» ASSIGNMENT: When you reach the line containing "up (hole mobility) (cm²/ V-sec) at" in the entries below, start writing out each line exactly, and stop after the line containing "B). Conductivity".

» SUPPLIED ENTRIES:
- - -
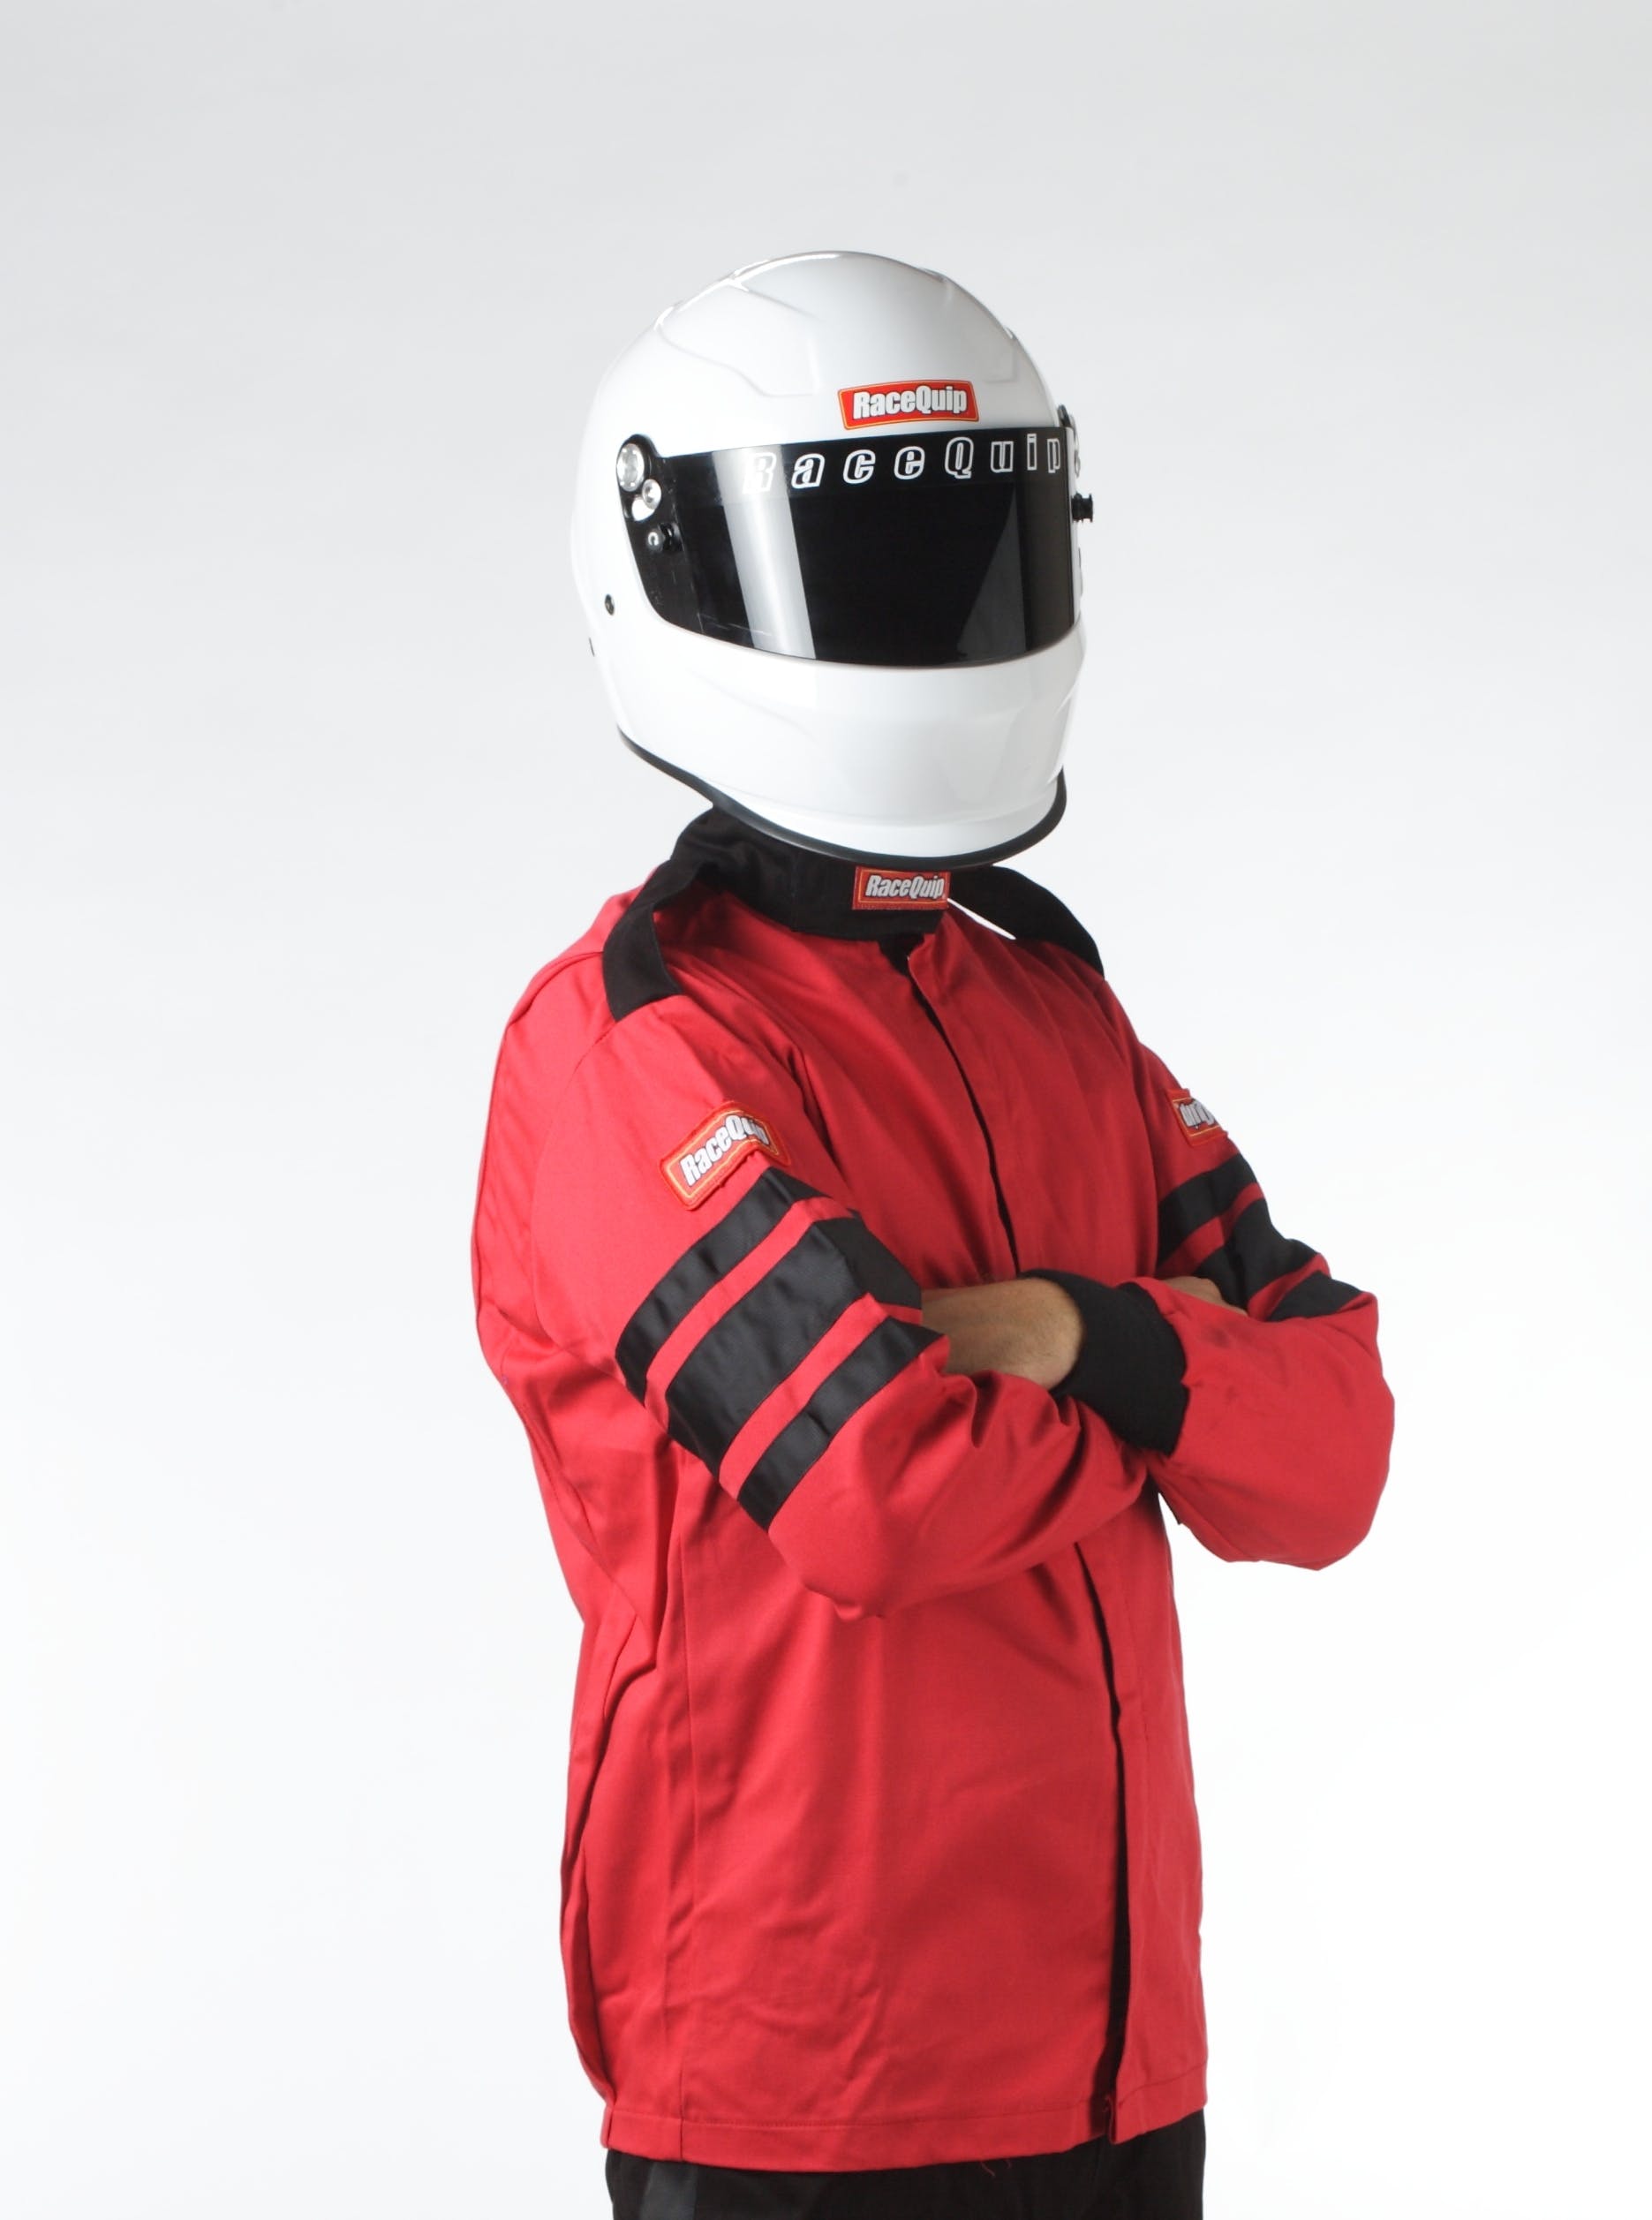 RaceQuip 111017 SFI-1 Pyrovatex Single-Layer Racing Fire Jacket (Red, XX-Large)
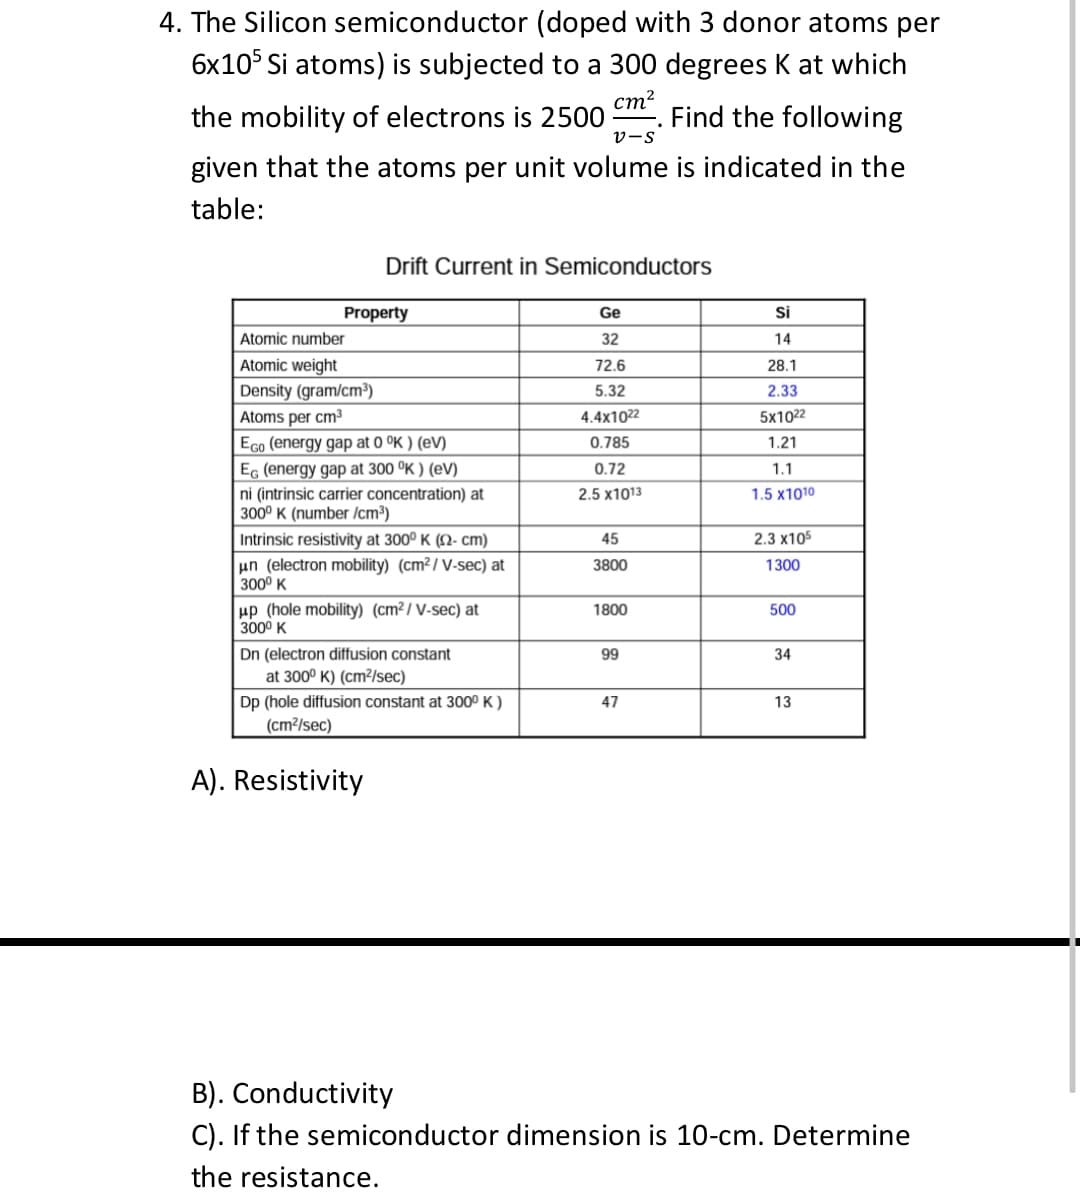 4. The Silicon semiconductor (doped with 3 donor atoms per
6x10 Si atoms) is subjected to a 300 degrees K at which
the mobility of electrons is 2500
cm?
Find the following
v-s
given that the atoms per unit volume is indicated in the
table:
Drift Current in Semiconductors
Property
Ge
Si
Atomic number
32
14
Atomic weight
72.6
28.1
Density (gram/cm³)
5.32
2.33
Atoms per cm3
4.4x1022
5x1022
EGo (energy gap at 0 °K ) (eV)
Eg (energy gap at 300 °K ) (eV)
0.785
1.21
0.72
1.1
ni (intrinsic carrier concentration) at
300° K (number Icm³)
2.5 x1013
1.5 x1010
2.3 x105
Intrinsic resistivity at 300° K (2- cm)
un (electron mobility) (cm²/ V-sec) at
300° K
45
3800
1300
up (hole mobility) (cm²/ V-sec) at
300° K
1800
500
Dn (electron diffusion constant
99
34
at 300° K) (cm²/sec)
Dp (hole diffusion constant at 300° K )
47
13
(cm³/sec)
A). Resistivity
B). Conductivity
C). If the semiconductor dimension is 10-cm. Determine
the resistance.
- - -
» TASK ANSWER:
up (hole mobility) (cm²/ V-sec) at
300° K
1800
500
Dn (electron diffusion constant
99
34
at 300° K) (cm²/sec)
Dp (hole diffusion constant at 300° K )
47
13
(cm³/sec)
A). Resistivity
B). Conductivity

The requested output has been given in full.